Mississippi Bureau of Narcotics v. Harrison County, 623 So.2d 267, 269-70 (Miss. 1993)(quoting Bureau of Narcotics v. Lincoln County, 605 So.2d 802, 804 (Miss. 1992)). Under Mississippi law, where criminal proceedings are never brought or in cases where forfeiture proceedings are not adjudicated in conjunction with a criminal trial, the forfeiture provisions of Miss. Code Ann. §§ 41-29-176 through XX-XX-XXX apply. Bell v. State, 623 So.2d. 267 (Miss. 1993). The forfeiture provisions in these statutes are civil in nature, rather than criminal. State ex rel. Mississippi Bureau of Narcotics v. Lincoln County, 605 So.2d 802 (Miss. 1992). The United States Supreme Court has held "in rem civil forfeitures are neither punishment' nor criminal for purposes of the Double Jeopardy Clause." United States v. Ursery, 518 U.S. 267, 292 (1996).
For the reasons stated above, the undersigned recommends that Defendants' motions to dismiss be granted, and Plaintiff's complaint dismissed for failure to state a claim upon which relief may be granted.
NOTICE OF RIGHT TO APPEAL/OBJECT
Under Rule 72(a)(3), Local Uniform Civil Rules of the United States District Courts for the Northern District of Mississippi and the Southern District of Mississippi, a party has 14 days after being served a copy of this Report and Recommendation to serve and file written objections to the Report and Recommendation. A party must file objections with the clerk of court and serve them upon the other parties and submit them to the assigned District Judge.
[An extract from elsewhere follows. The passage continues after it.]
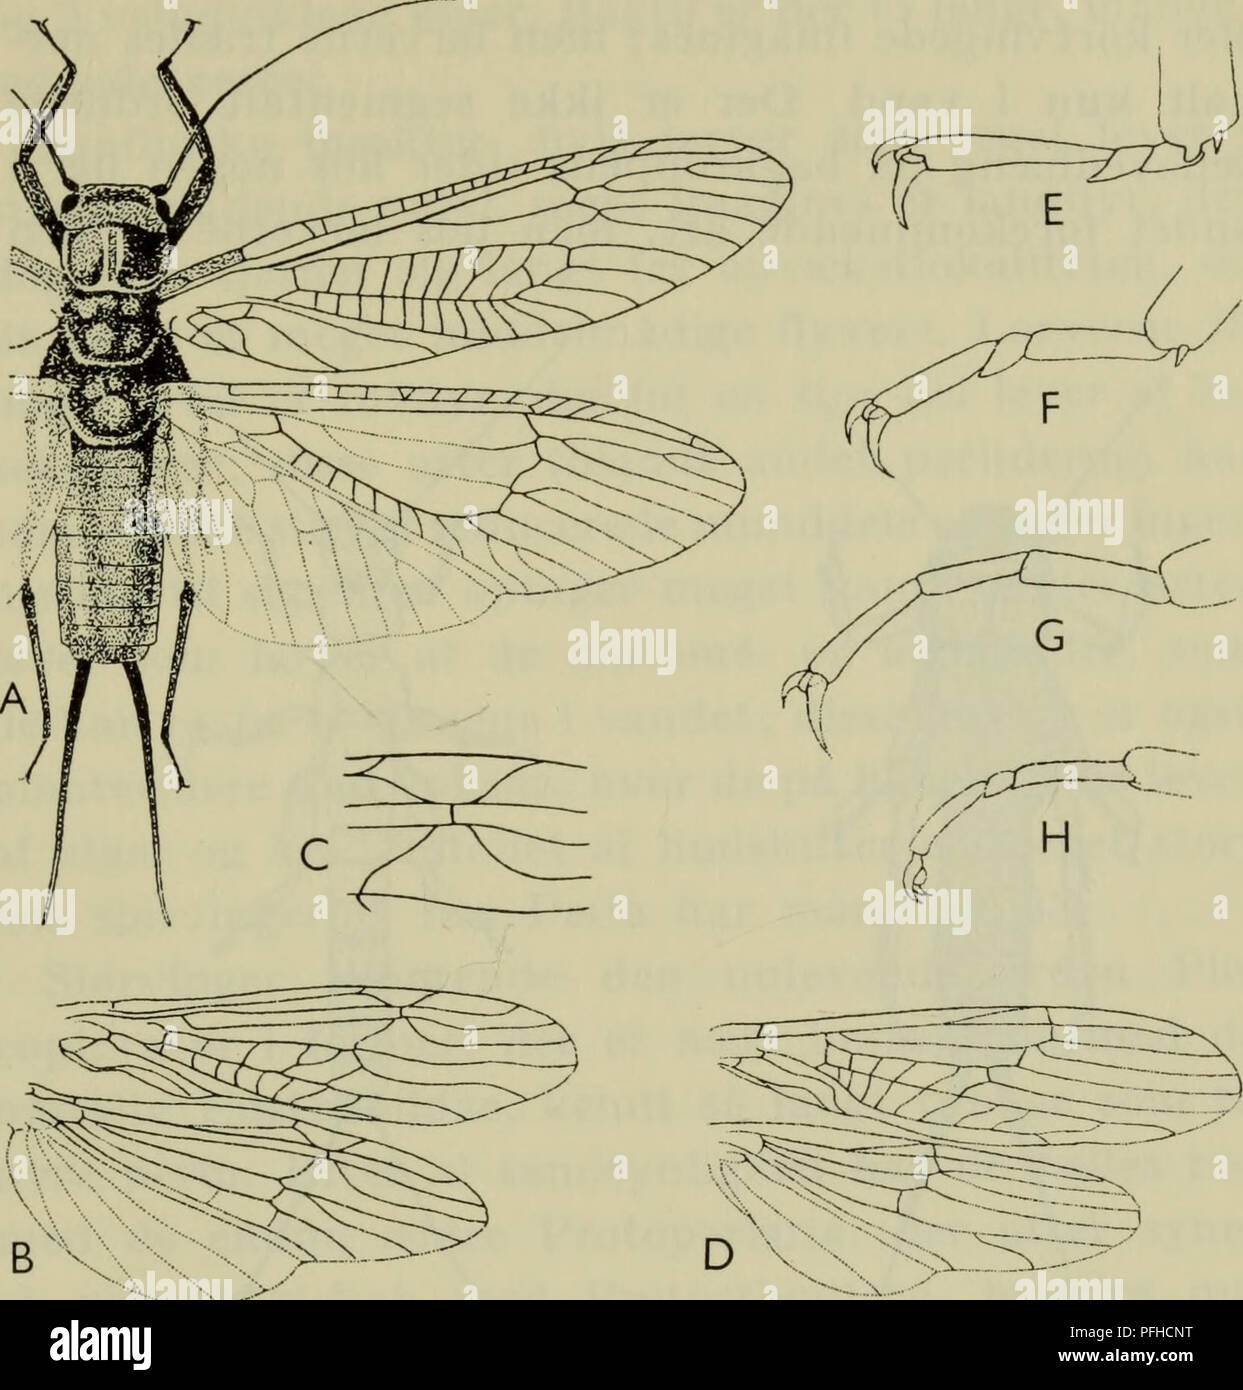 . Danmarks fauna; illustrerede haandbøger over den danske dyreverden... 225. Pig. 82. Slørvinger. A Perla; B vinger af Nemura; C detalje i for- vingen af Nemura; D Vinger af Leuctra; fod af Perla (E), Gapnia (F), Taeniopteryx (G) og Nemura (H). eller vingeløse imagines, først og fremmest blandt hannerne. Benene er ret kraftige med 3-leddede fød- der og 2 kløer. Bagkroppen er 11-leddet, men det sidste led er stærkt reduceret og skjult. Gercerne er lange og mangeleddede hos de fleste familier; hos enkelte er de stærkt reducerede og uleddede og står delvis i parringens tjeneste. Noget egentligt p Stock Photo

Within seven days of service of the objection, the opposing party must either serve and file a response or notify the District Judge that he does not intend to respond to the objection. An objecting party must specifically identify the findings, conclusions, and recommendations to which he/she objects; the District Court need not consider frivolous, conclusive, or general objections. A party who fails to file written objections to the proposed findings, conclusions, and recommendations within 14 days of being served a copy shall be barred, except upon grounds of plain error, from attacking on appeal any proposed factual finding or legal conclusion accepted by the District Court to which he/she did not object. Douglass v. United Services Services Automobile Association, 79 F.3d 1415, 1428-29 (5th Cir. 1996).